The court heard that downloads were also found on the teenager's devices for weapons handbooks. Ms Wilson, prosecuting, said: "In essence, all of these documents are lengthy, difficult to obtain, detailed descriptions of how to make bombs."

She also described numerous social media posts which were antisemitic, racist, transphobic, homophobic and reflected an incel ideology. Gerard Pitt, defending, said the boy was introduced to a far-right community online after he began playing video game Fortnite, where he could speak to fellow gamers in virtual "hangouts".

Mr Pitt said: "He found it much easier to form relationships with people in these Fortnite hangouts and subsequently on Twitter than he did in real life, because of his autism."

He said the boy also followed some online personalities who were "professional trolls" and would have conversations involving "appalling abuse" on secretive online forums. Mr Pitt told the court: "They were trying to outdo one another, to be the most offensive they could be."

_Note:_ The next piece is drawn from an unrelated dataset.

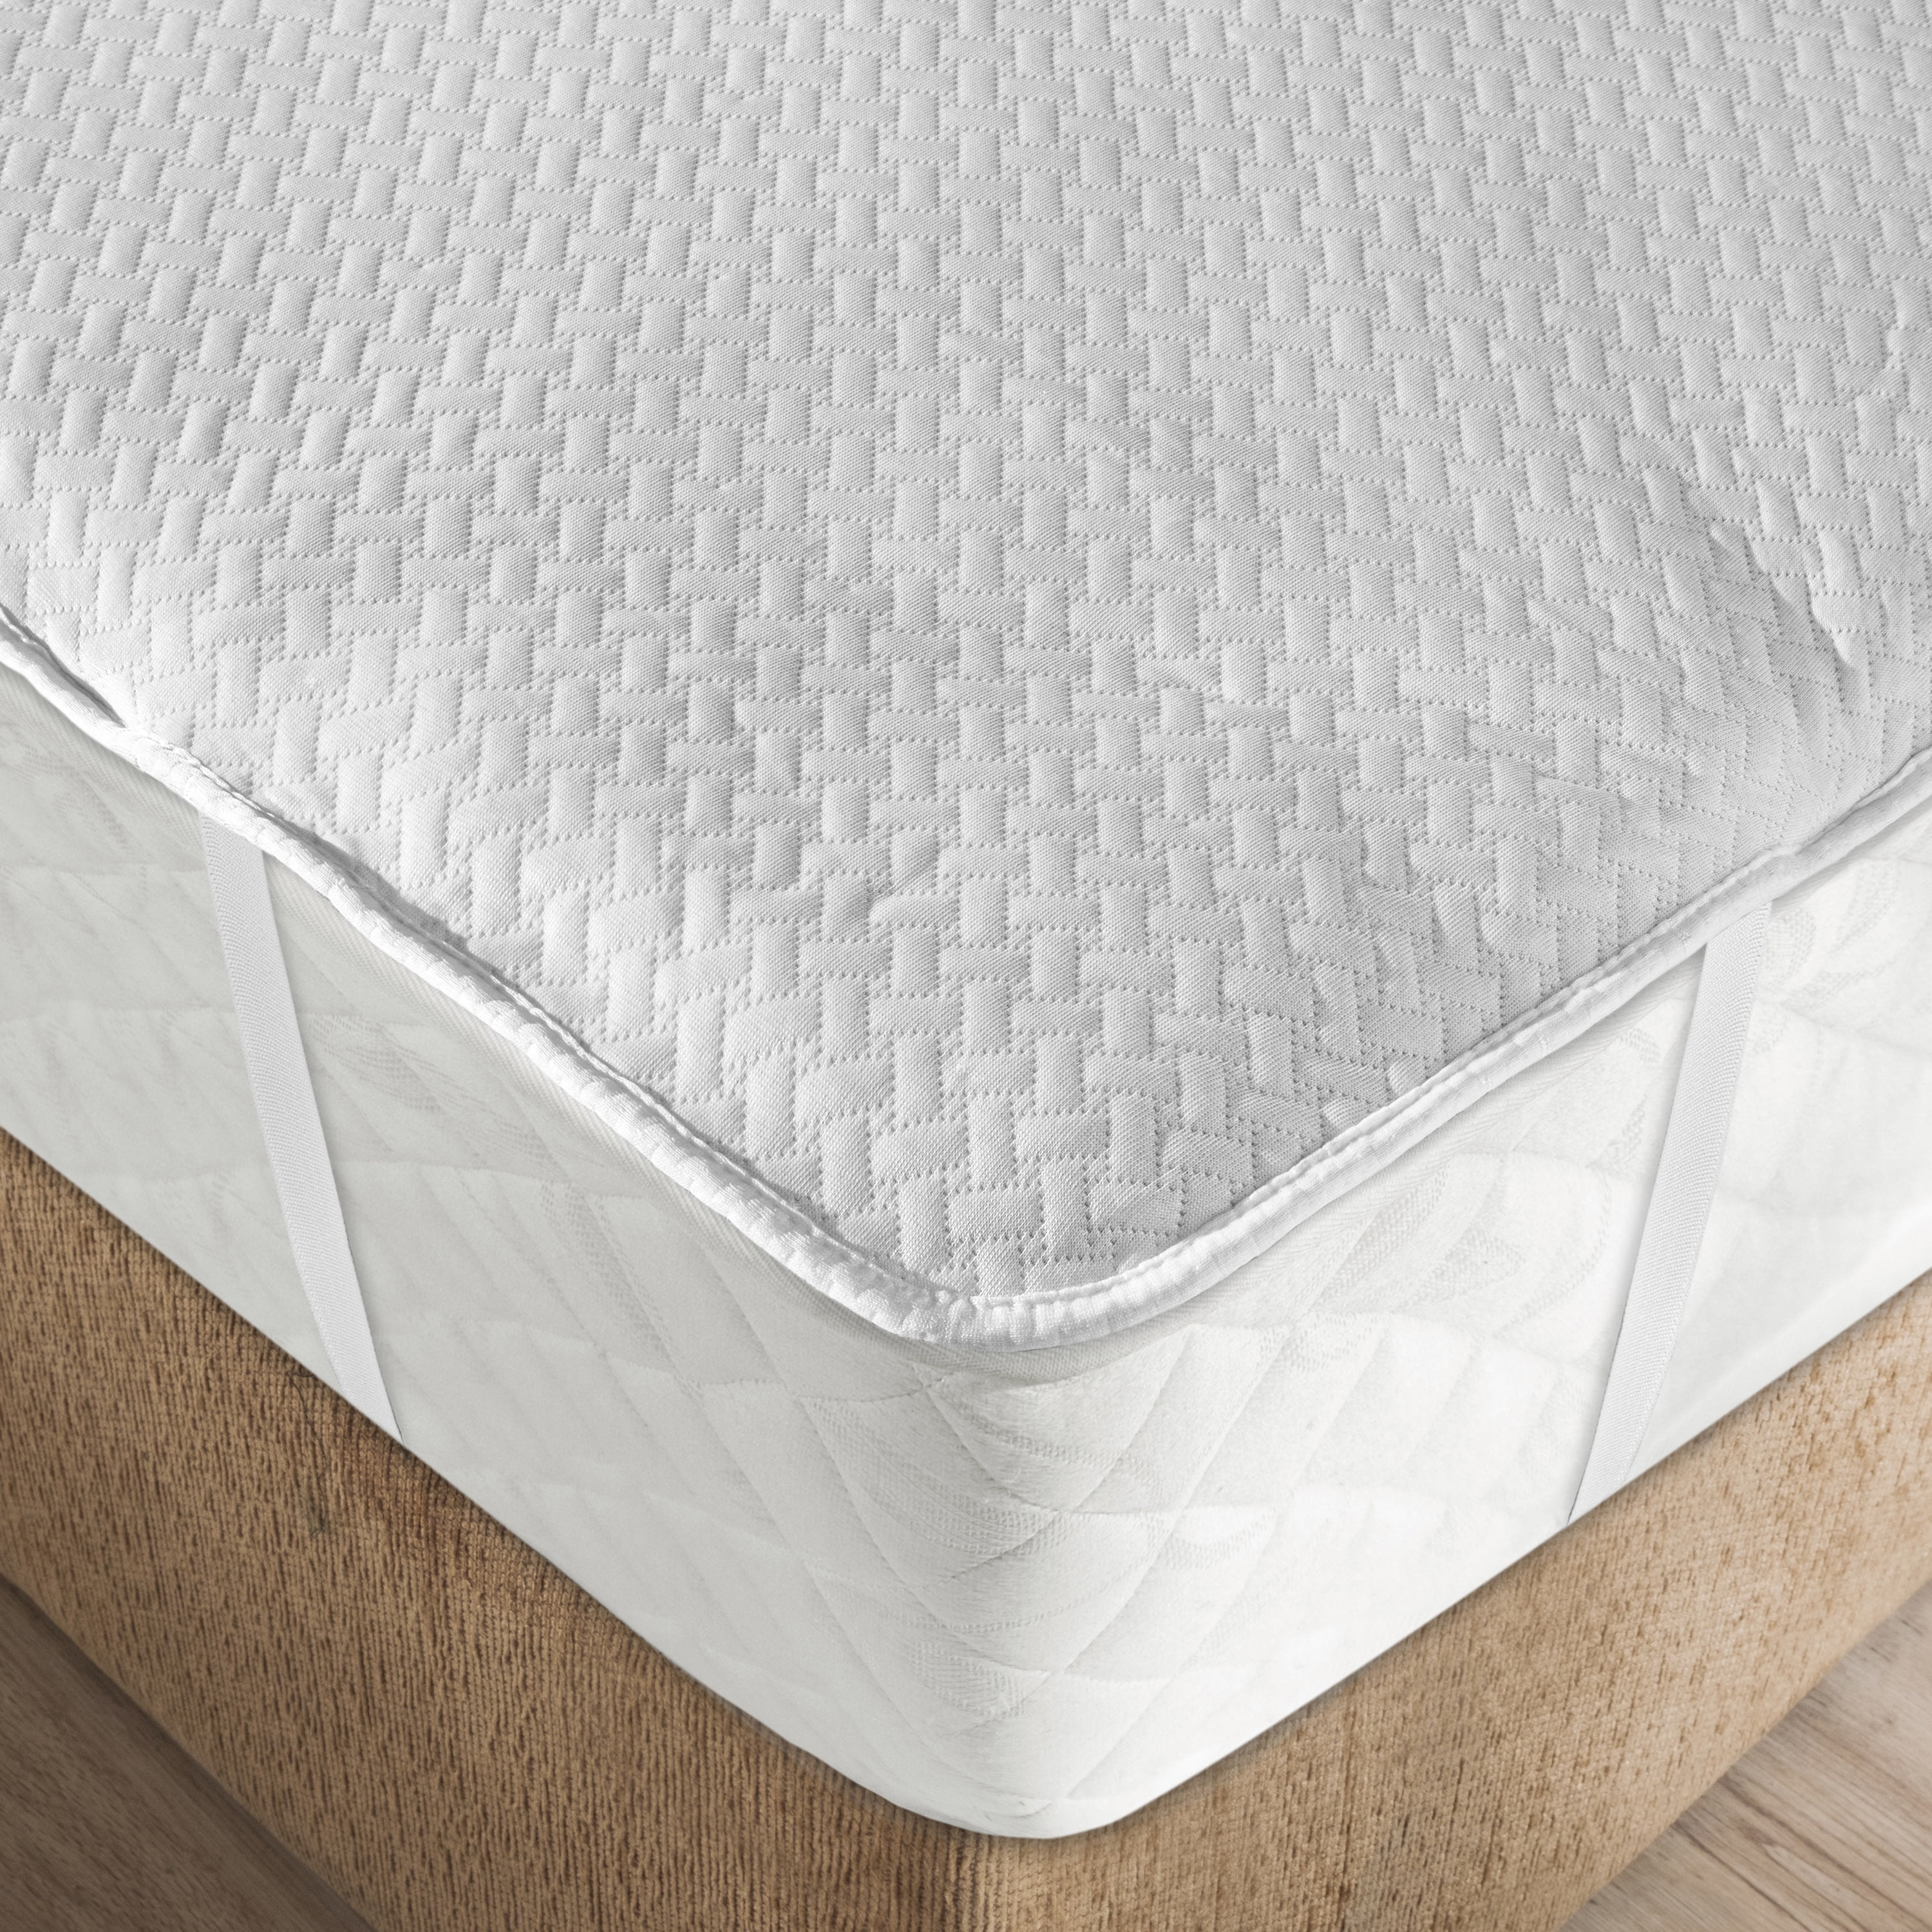 Cot Waterproof Mattress Protector Cover with a High Quality Brushed Cotton To...

Mr Pitt said the boy began "making his own content" in 2020 and would screenshot messages, documents and Google searches. But, he said there was no evidence the boy had actually tried to build a bomb or search for the ingredients to do so.

The court heard the boy pleaded guilty at an earlier hearing to possessing a document containing information useful to terrorism, two counts of racial hatred - distributing a visual/sound recording, three counts of publishing material to stir up racial hatred and one count of sending by a public communication network an offensive/indecent/obscene/menacing message.

Mr Pitt told the court the boy, who had possessed a "very large library" of far-right material, said he no longer held the same views after time away from the online community. Sentencing, chief magistrate Paul Goldspring said: "Virtually every minority group that exists you had something derogatory to say about.

"I have been doing this job as a judge for 12 years and I have been involved in the criminal justice system for 23 years and this is some of the most appalling behaviour by a young person I have seen in terms of the comments you made, the views you expressed. They are, and should rightly be, abhorred by everyone."

Mr Goldspring told the boy: "It is the scale, scope and nature of your hatred for fellow men and women. In fact my heart sank when I read the case papers for the first time."

However, Mr Goldspring said he believed imposing a custodial term would be inappropriate and could undo rehabilitative steps which had been made. Handing him a 12-month referral order, he said: "I'm of the view, albeit I struggled greatly with making the decision, that a non-custodial sentence would be in the public interest."